The validity of the statute under which the district was created (General Acts 1923, p. 84) is attacked on the ground that it gives private owners of real property power to create public roads and impose them on the county court, thereby invading the jurisdiction of that court. The statute authorizes the county court to create suburban improvement districts on petition of a majority of the owners of property in the territory adjacent to the proposed improvement. The authority relates to different kinds of improvements, among others "grading, drainage, paving, curbing and guttering streets and highways," and there is no authority for formation of a district for the improvement unless it is a public highway. Therefore the order of the county court creating the district constitutes an establishment of the highway in accordance with the route outlined in the petition. The county court is not compelled, under the statute, to establish the highway, and may refuse to create the district because the road or street to be improved is not already a highway. The statute, for this reason, does not constitute an invasion of the jurisdiction of the county court, and the validity of the statute in this respect is ruled by our decision in the case of Sallee v. Dalton, 138 Ark. 549, and numerous other cases following it. In the present case the county judge testified that the roads to be improved in the districts were not in fact public roads, but, as we have already said, they were made such by the order of the county court in authorizing their improvement as public highways. It was also shown in the trial below that these districts were all promoted by a group of individuals who were personally interested in the various projects. The judgment of the county court in creating the district cannot be attacked collaterally by showing the motives and actions of individuals who petitioned *Page 373 for the improvement and who promoted the project. We have nothing to do with the policy of the legislation now under consideration, but we are called upon to deal solely with the question of its validity and the correctness of the proceedings thereunder in these instances. We are of the opinion that the statutes were valid, and that the formation of the district and the other proceedings have been conducted in accordance with the statute and must be upheld. We so held in the former decision.

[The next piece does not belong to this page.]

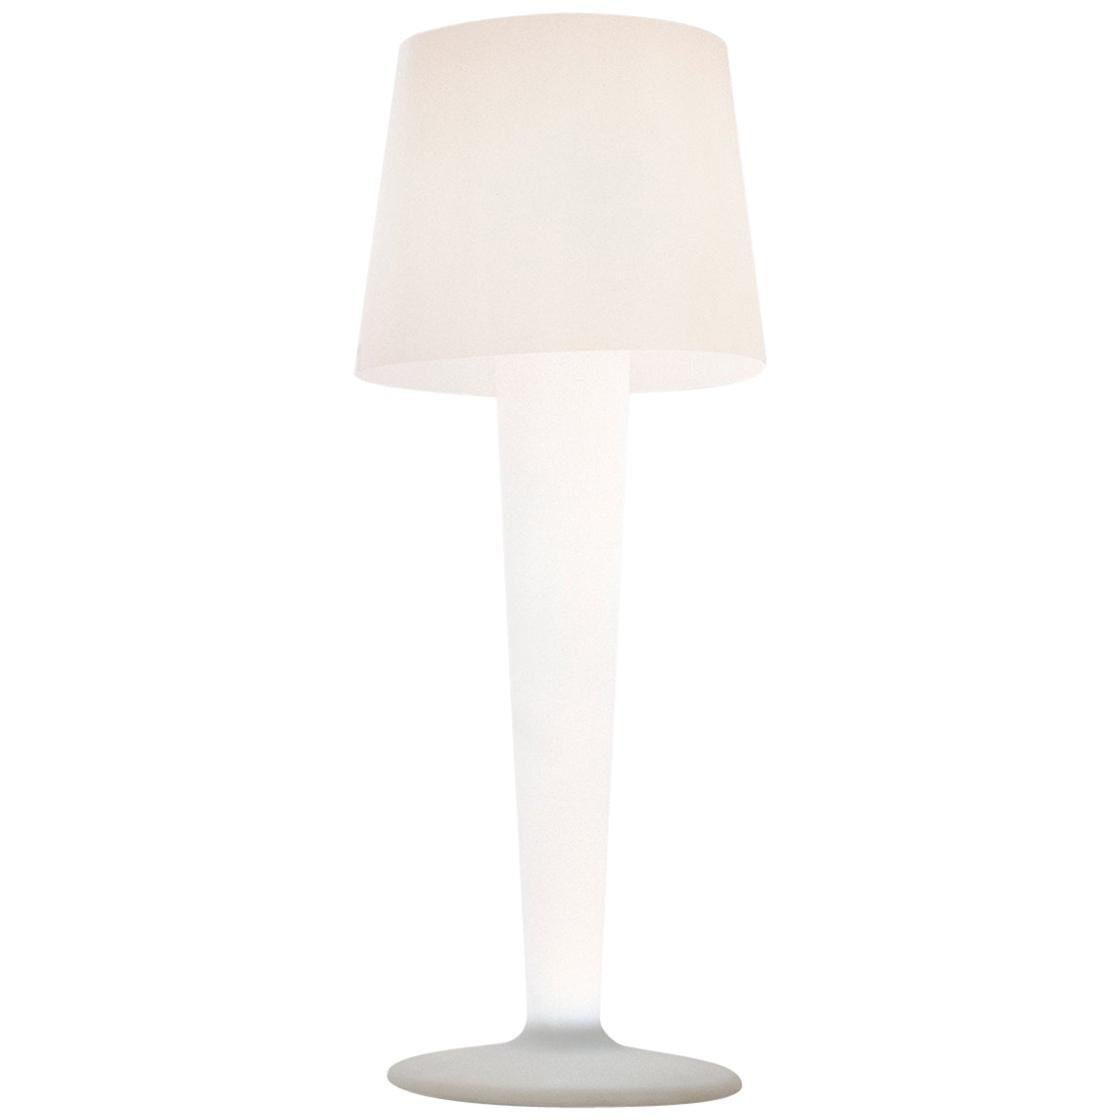 Bonaldo XXLight Lamp in Matte White by D'urbino and Lomazzi For Sale

It is further contended that appellees have not brought themselves within the terms of act No. 195, supra, in filing proper plans and specifications with the petitions for allotment. Without going into details on this subject, it is sufficient to say that the plans and specifications filed with the petition appear, according to the testimony, to be sufficient. The circuit judge so found, and we think the, decision in that respect was correct.
It follows that, in the opinion of the majority, each of the judgments of the circuit court was correct, and the same is affirmed.